Миссис Шелли и миссис Уильямс провели несколько дней в мучительной неизвестности. Наконец, отчаявшись ждать, миссис Шелли отправилась в Пизу, ворвалась, бледная как полотно, в комнату лорда Байрона и спросила: «Где мой муж?!» Лорд Байрон потом говорил, что никакая драматическая трагедия не способна вызвать того ужаса, какой был написан в тот момент на лице миссис Шелли.

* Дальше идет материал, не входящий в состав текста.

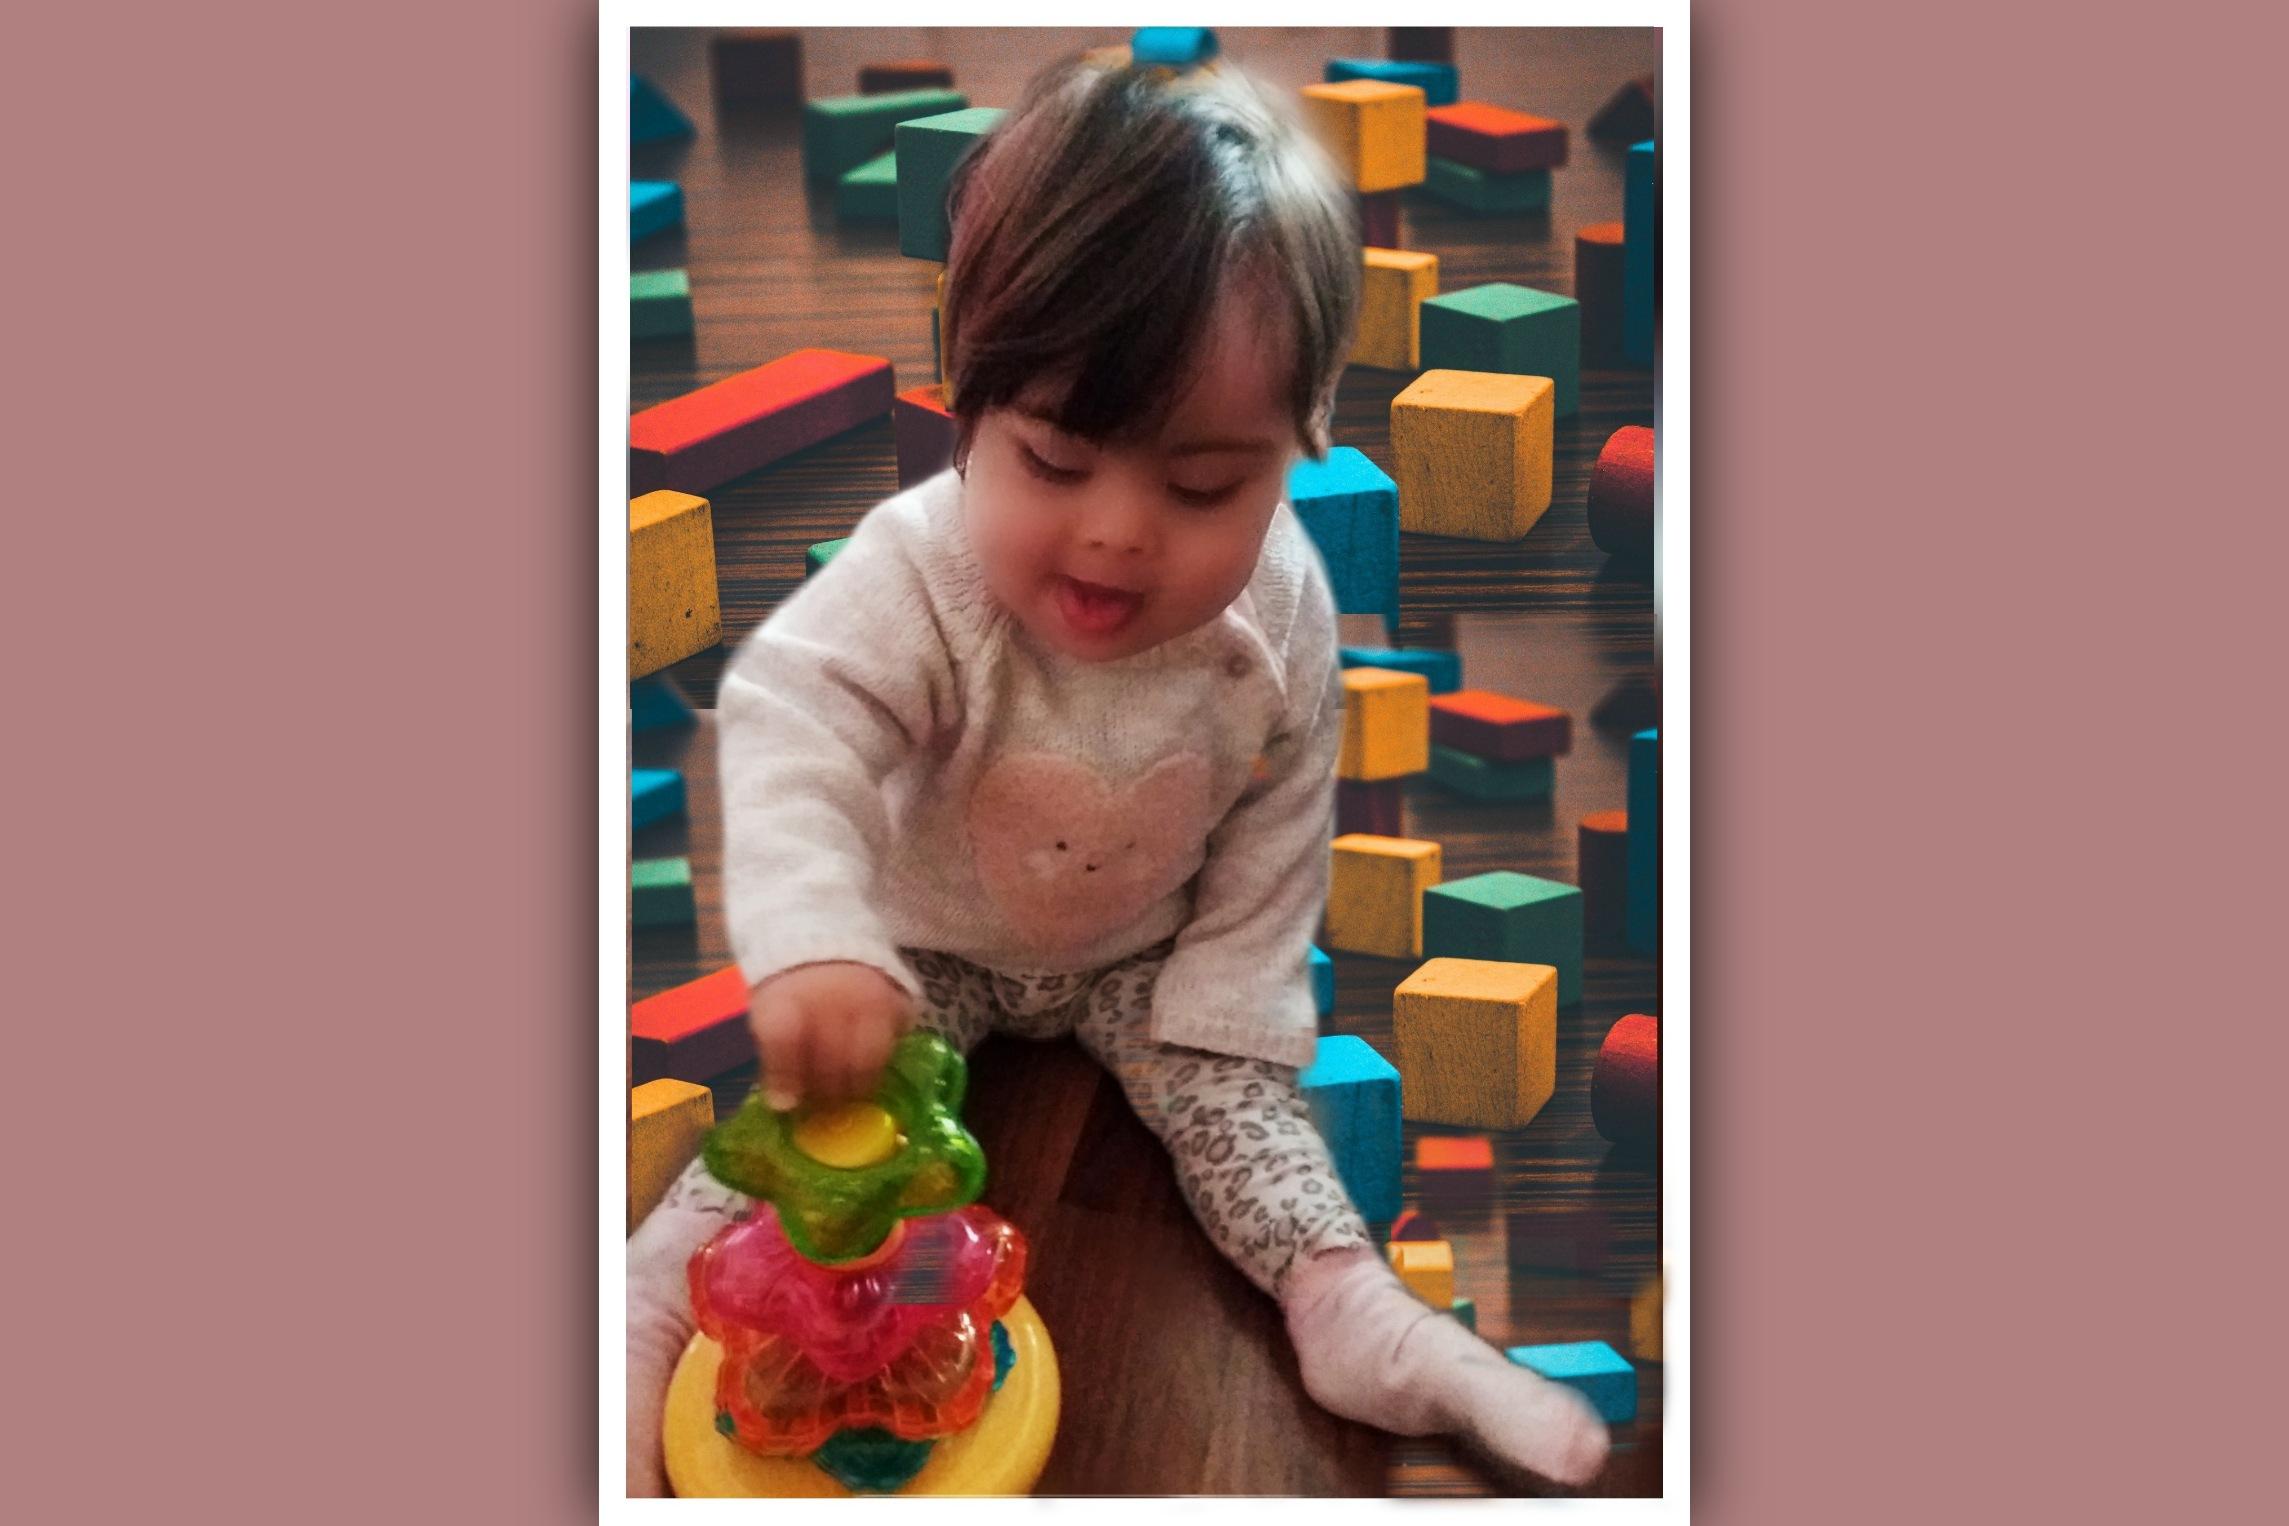 nina con sindrome de down jugando con bloques

Со временем худшие опасения подтвердились. Тела двух друзей и юнги вынесло на берег. Юнгу похоронили в песке, на берегу. Тело капитана Уильямса кремировали 15 августа. Его пепел был собран и отправлен для погребения в Англию. На следующий день состоялась кремация тела Шелли; впоследствии его прах был погребен на протестантском кладбище в Риме. На сожжении обоих тел присутствовали лорд Байрон и мистер Ли Хант. Всей процедурой, как, впрочем, и предшествовавшими поисками, руководил мистер Трелони. В те дни, да и в дальнейшем, он проявил себя по отношению к миссис Шелли настоящим, преданным другом. В письме из Генуи от 29 сентября 1822 года она мне писала:

«Из всех здешних знакомых только мистер Трелони — мой единственный, бескорыстный друг. Только он один по-настоящему верен памяти моих незабвенных мужа и детей. Но каким бы добрым и отзывчивым человеком он ни был, заменить мне моих близких он, увы, не в состоянии».

Через некоторое время парусник удалось найти. По всему было видно, что он не опрокинулся. Сначала капитан Робертс решил, что его захлестнуло волной, но когда при более тщательном осмотре он обнаружил, что на правой корме пробита бортовая обшивка, то пришел к заключению, что во время шторма парусник, по-видимому, столкнулся с каким-то небольшим судном.

Первое предположение кажется мне более вероятным. Мачты на «Дон-Жуане» были сорваны, бушприт сломан. Чтобы поднять его из воды, мистер Трелони сначала нанял две большие фелюги с крючьями. Пять или шесть дней подряд они безуспешно выходили в море и наконец парусник отыскали, но поднять не смогли. Это удалось сделать капитану Робертсу. Скорее всего, однако, повреждения такому хрупкому паруснику, как «Дон-Жуан», были нанесены не рыболовным судном, которое налетело на него во время шторма, а драгой, которая тащила его с морского дна.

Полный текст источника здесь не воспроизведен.